Martina Lauchengco, Operating Partner at Costanoa Ventures, has spent over twenty years as a marketing and product executive at top companies. And those top companies include Netscape, Microsoft, Loudcloud, and now Costanoa Ventures where she works with fast-growing startups to build their teams. Martina has interviewed thousands of candidates and knows just what it takes to nail an interview.
Martina sat down with a small group of PowerToFly VIP's and answered all of their questions regarding the interview process. Do you want access to exclusive chats with women like Martina? Click here to become a PowerToFly VIP and join our community of women here to empower one another.
Q: What are your best interview prep tips?
ML: Make sure you do the work before you get there. Go to the site, review the products, and get to know their competitors space.
Q: What was it like interviewing at Microsoft?
ML: I really liked interviewing at Microsoft because I was able to learn so much. You had to be mentally on the entire time because you were trying to go through an exercise of pushing someone else through their mental paces, and assessing their capacity and talent beyond what they could talk about. It required being nimble, and thinking just as much as the person you were interviewing.

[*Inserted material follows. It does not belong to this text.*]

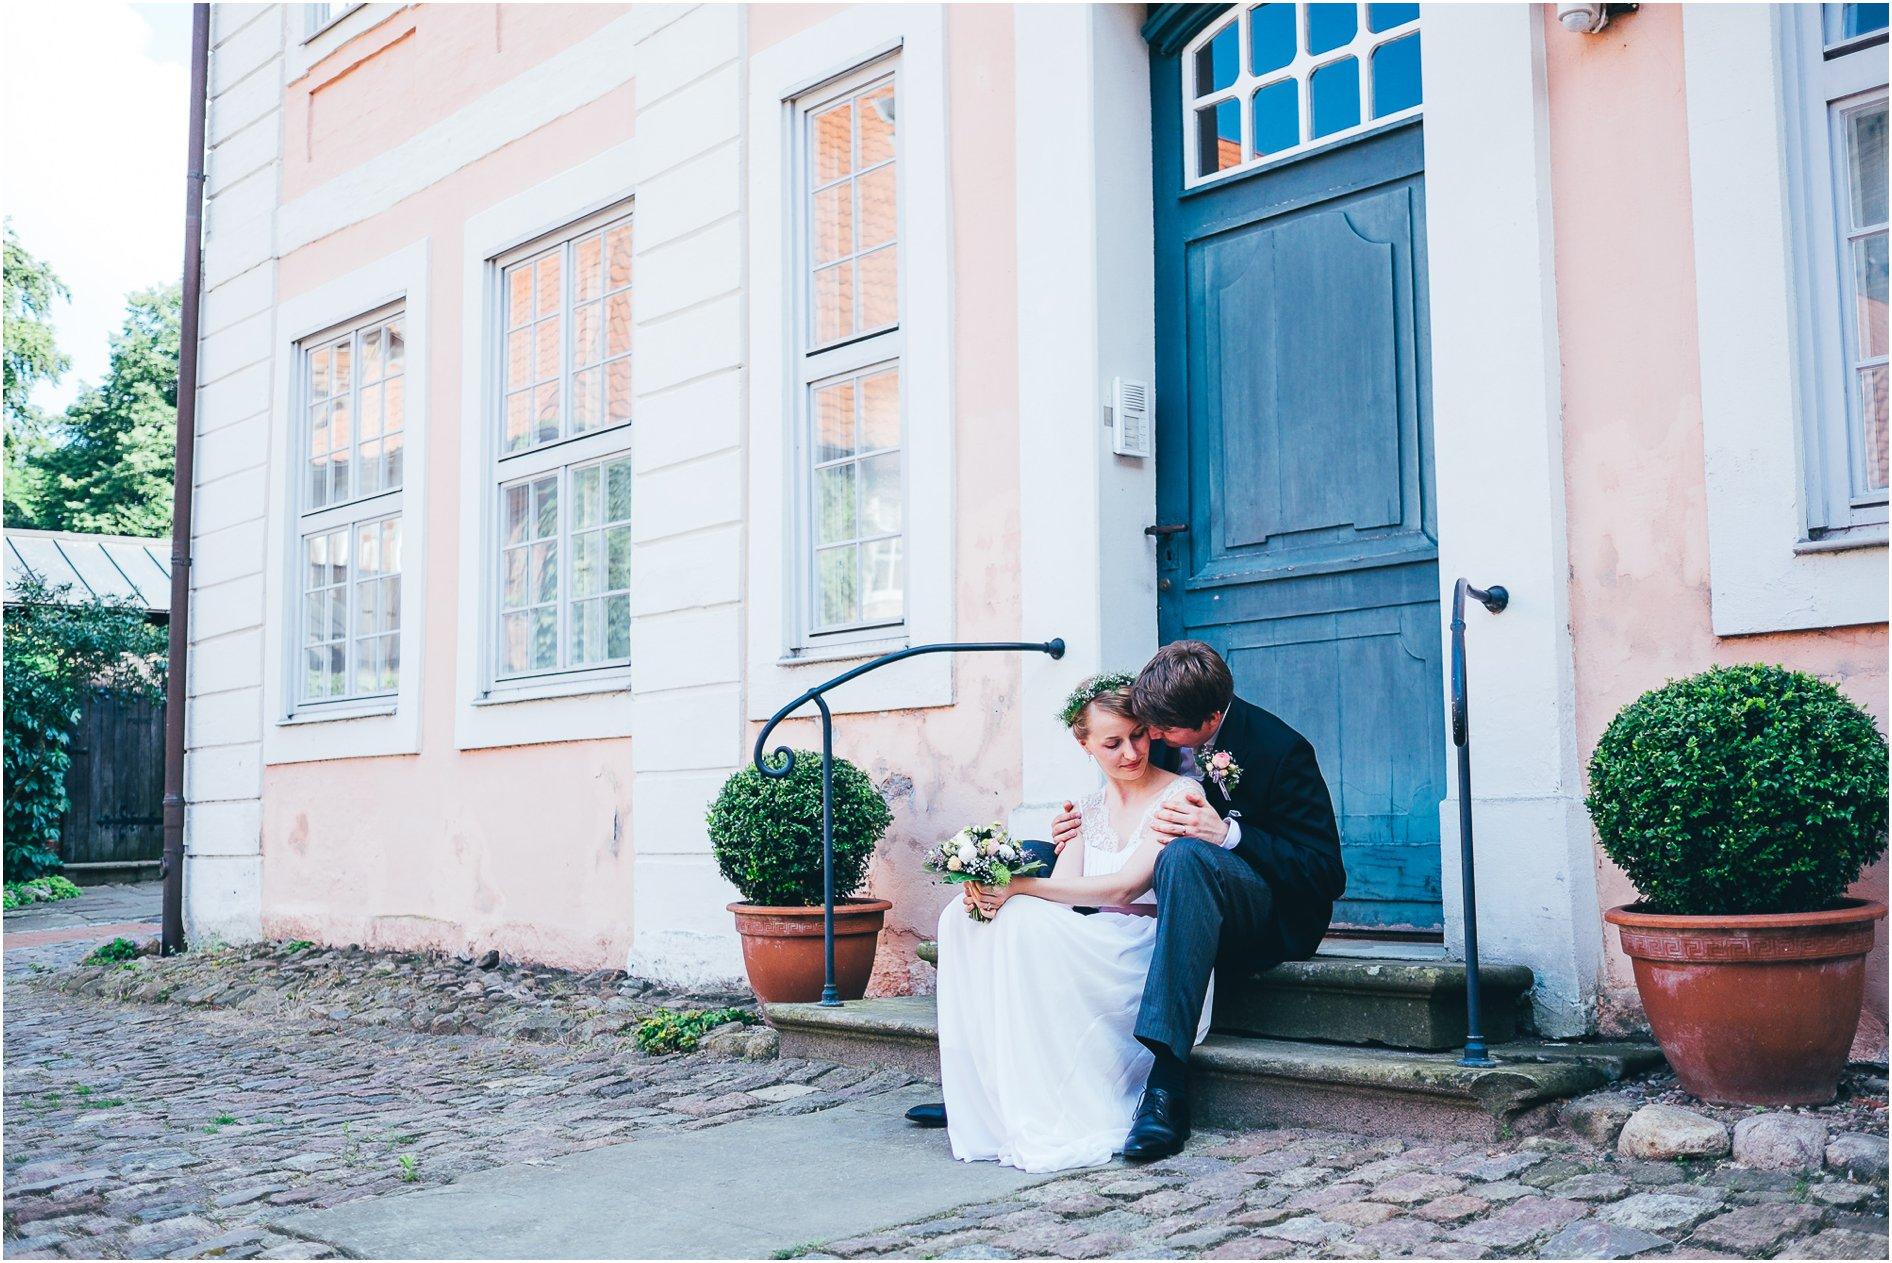 2014-10-13_0092 Jenny & Matthias - Hochzeitsfotograf auf Gut Bardenhagen

Q: How would you handle addressing technical skills that have stagnated?
ML: Take the opportunity to teach yourself new skills. Know how you like to learn, and go do it - whether it's the classroom, self taught, or another way. Different disciplines have different requirements around whether or not you need to true up on things. If you're on the coding side, you would have to be current on those technologies. If you're on the marketing side, there's a lot in the marketing technology stack that has evolved very rapidly that you would want to spend some time retraining on.
Q: What would you say if you had to stop working for a year due to health issues?
ML: First of all, it is far more important to step out of work and take care of your health than to work through the issues - and so I would spin it that way. Something like, "I spent a year dealing with my health issue so I could be my complete self when I returned to work."
Q: How do you balance being assertive and being perceived as forceful?
ML: I think this is a perpetual balance for women, and there is no single right answer - it's very contextual, and it has to do with the environment, and the moment you are in. This "balance" has just as much to do with who's in the room and how they are perceiving the information as well as how you are actually acting.